Heritage

Leadership: Tough emotions test for women

boss

Thousands of us in Kenya aspire to hold leadership positions in our organisations. Whether in government, parastatals, banks, cooperatives, universities, technology firms, or insurance companies and everything in between, employees jostle for the right to lead teams, departments, and whole entities. But becoming a proficient effective leader proves difficult and often a lonely arduous journey for many.

However, for women, the road to leadership is more fraught with difficulty and overcoming bias and societal stereotypes that pervade the subconscious bias of their subordinates and superiors alike.

Some progress has been made as shown in widescale surveys conducted by Kim Elsesser and Janet Lever that a slight majority of respondents indicate that they hold no preference for which gender of boss they want to report to.

However, among those who do have a gender preference for their supervisor, workers are twice as likely to prefer a male boss instead of a female one. But in 360-degree evaluation equivalents, men rated female bosses more favourably while women rated male bosses more favourably.

Why the overall preference for male leaders? First, we must understand some of the research highlighting the many obstacles that women must overcome in the workplace.

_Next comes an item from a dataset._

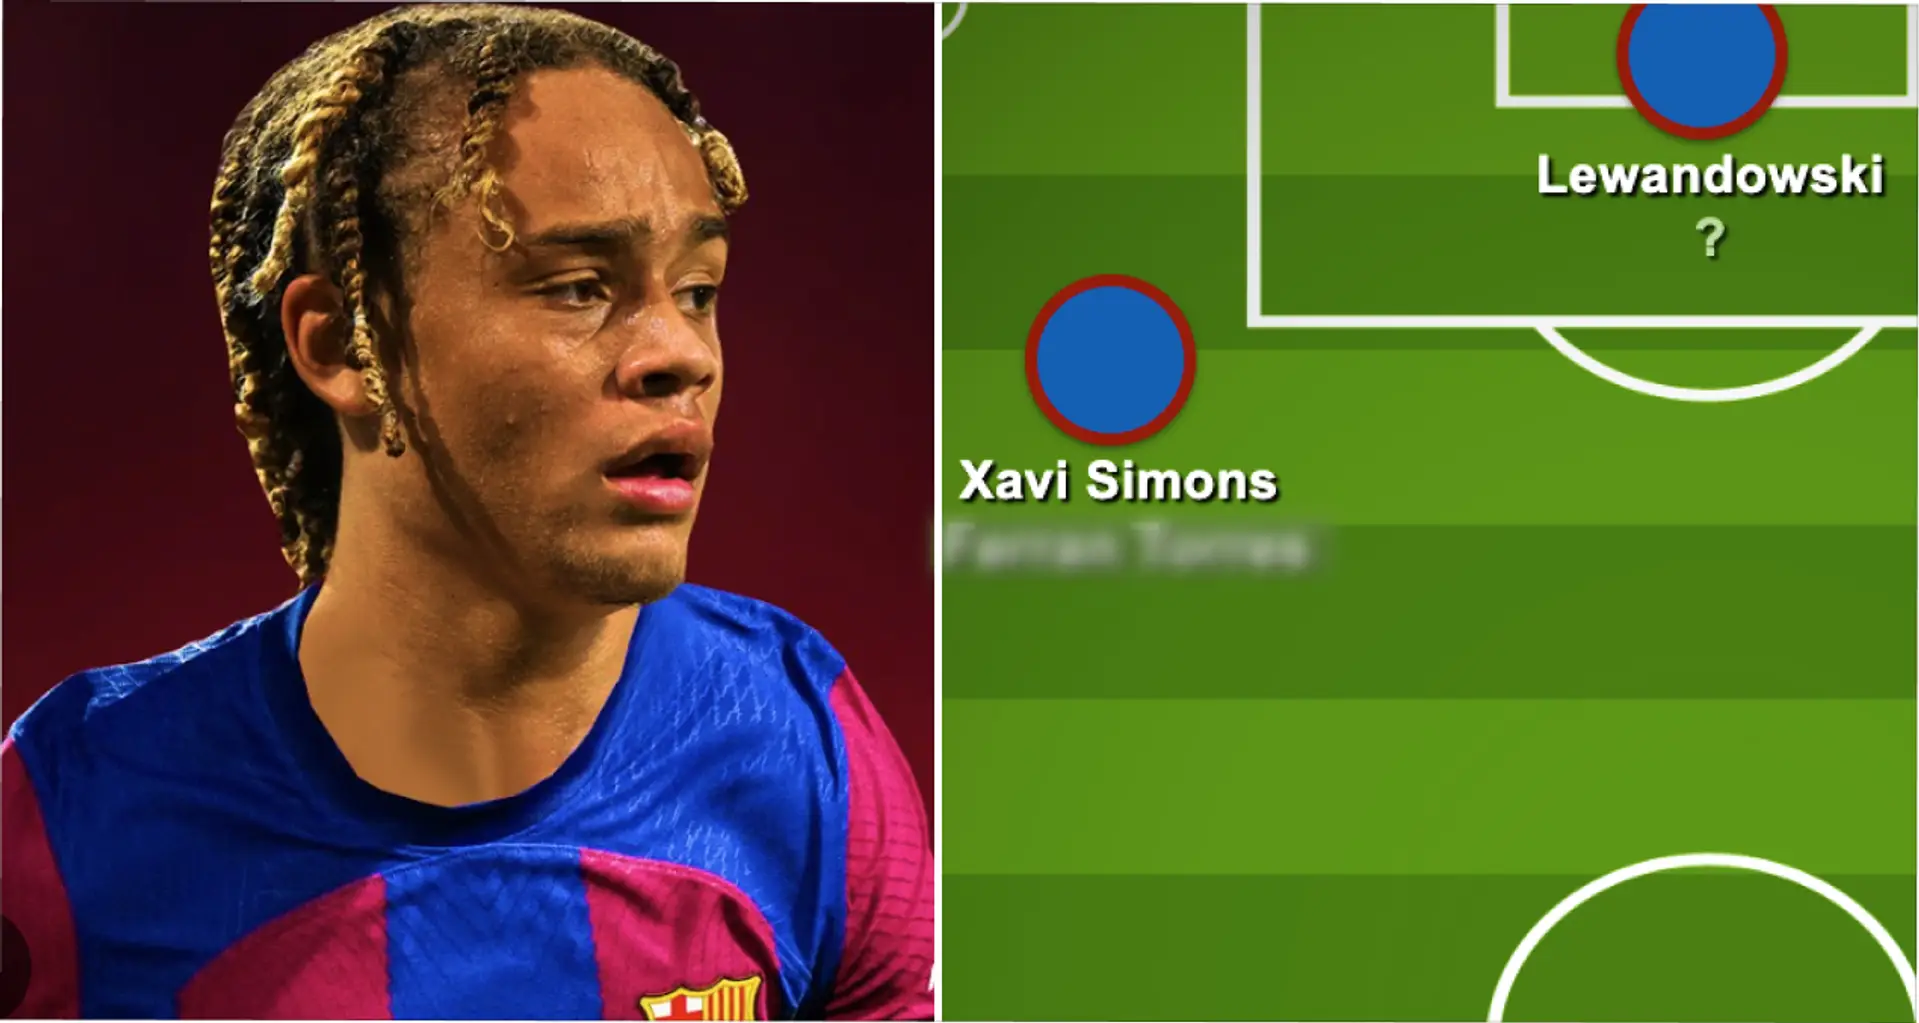 Barca's realistic squad depth in attack next season shown – Xavi Simons IN
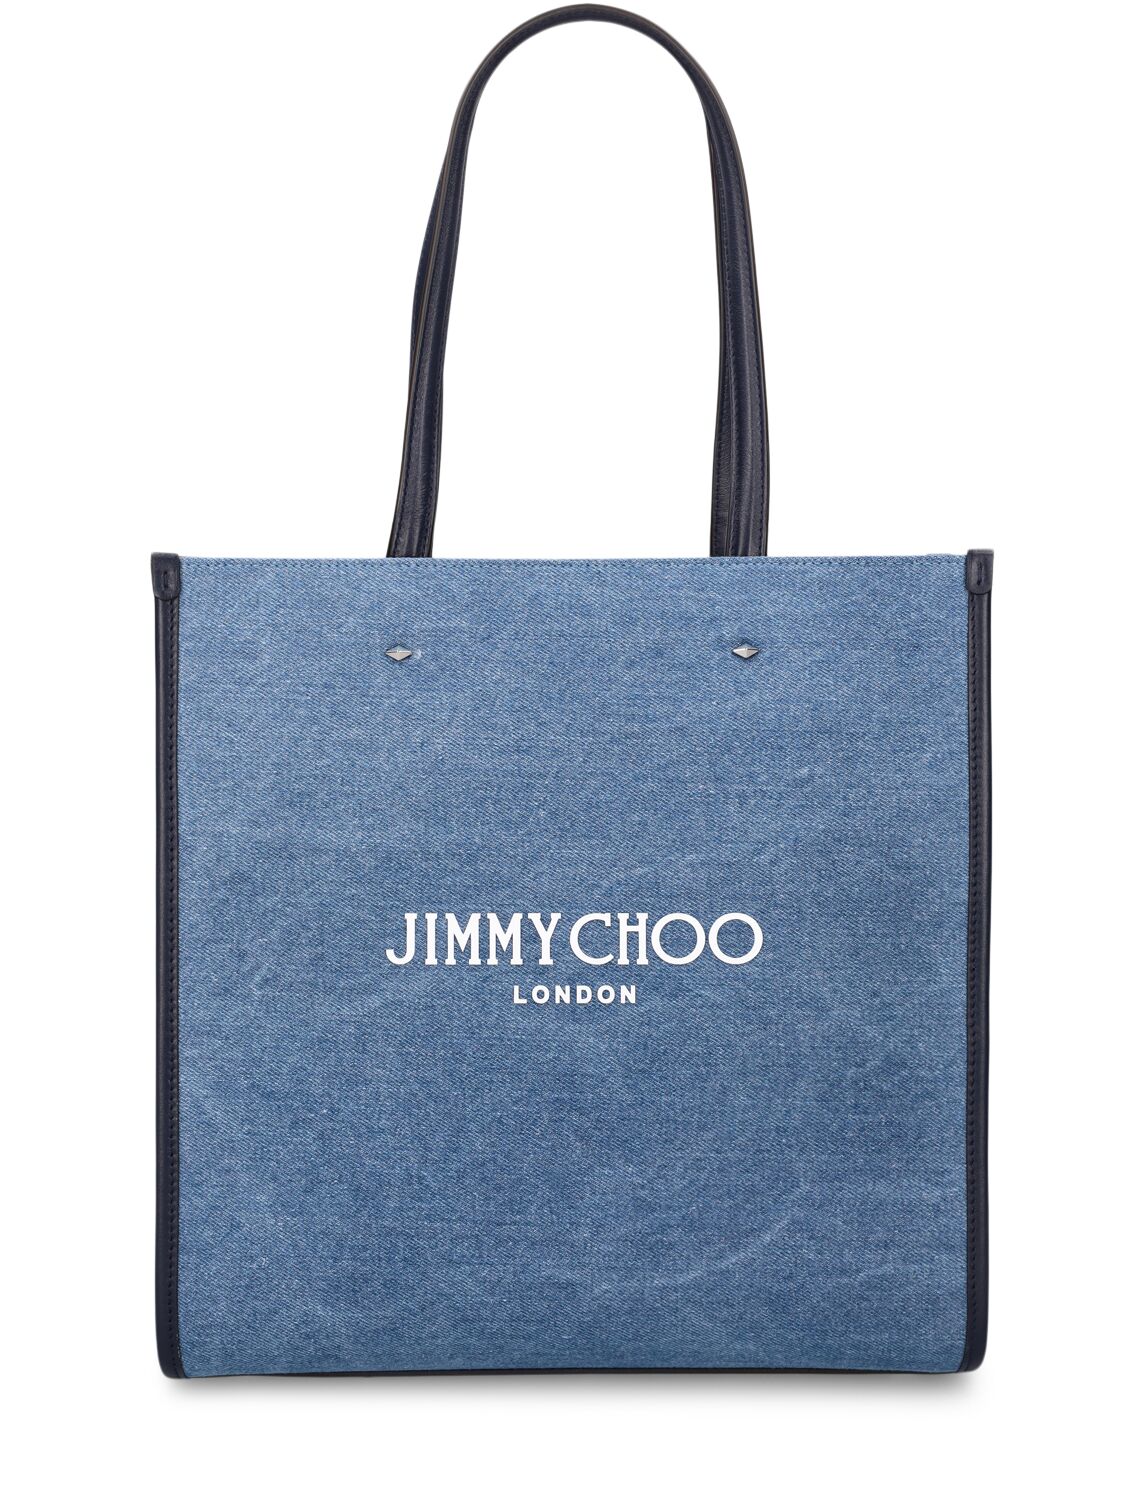 Jimmy Choo Logo牛仔托特包 In Denim,navy

David Smith, Judith Rosenstein, and Margaret Nikolov conducted a study of 81,000 military performance reviews to find that on objective measures, men and women scored equally. On subjective measures, men and women were assigned similar quantities of positive attributes comments.

Ten positive words were generally used repeatedly to describe men, such as analytical, competent, dependable, confident, and logical, while positive words to describe women were only four that included compassionate, enthusiastic, energetic, and organised.

Conversely, men were given substantially fewer negative comments than women with only two recurring negative attributes of arrogant and irresponsible.

Meanwhile, women were assigned far more negative comments subjectively that were distributed among 12 negative words, including inept, selfish, frivolous, passive, scattered, etc. The subjective bias here is staggering especially remembering that on objective measures males and females scored equally. Women were given subjective review verbiage that mirrored societal attitudes and stereotypes that when contained in the job performance evaluations were then more difficult for those same women to gain promotion and new jobs than the men evaluated. The negative attributes assigned to women were harsher than those assigned to men.

Then at the leadership level, qualitative interviews with employees in Kenya often highlight their concerns with whether a female leader will rely on emotional decision-making and reactions.

Victoria Brescoll published robust research that shows the emotion bias in Western countries too. Women must navigate difficult paradoxical Catch-22 leadership scenarios that men do not face. First, women must critically decide how much emotion they will show in the workplace, knowing that their subordinates already unfairly expect them to be more emotional.

So, even small displays of emotion cause exaggerated confirmations of stereotypes in the minds of their workers. But second, on the other hand, if women do not express emotions, then they are thought of as too cold and failing to fulfill their societal obligation to be warm and caring. Third, women must navigate which types of emotions to express. Women who show anger, pride, or irritation then suffer disdain by their staff at disproportionate levels than men who may express those same emotions.

Melissa Williams and Larissa Tiedens looked at 63 research studies that showed that when women show dominance in the workplace by expressing specific direct demands, it unfairly harms their likability relative to men. The researchers linked the decreased likability because women showing dominance were going against established societal gender stereotypes.

So, the next time you see a woman business or political leader whether Martha Karua, Debra Mallowah, Ednah Otieno, Jennifer Riria, Juliana Rotich, Esther Passaris, or Nancy Ng’ang’a among many many others, recognise that they deserve our respect because they overcame greater challenges to reach their lofty heights as titans of industry and government.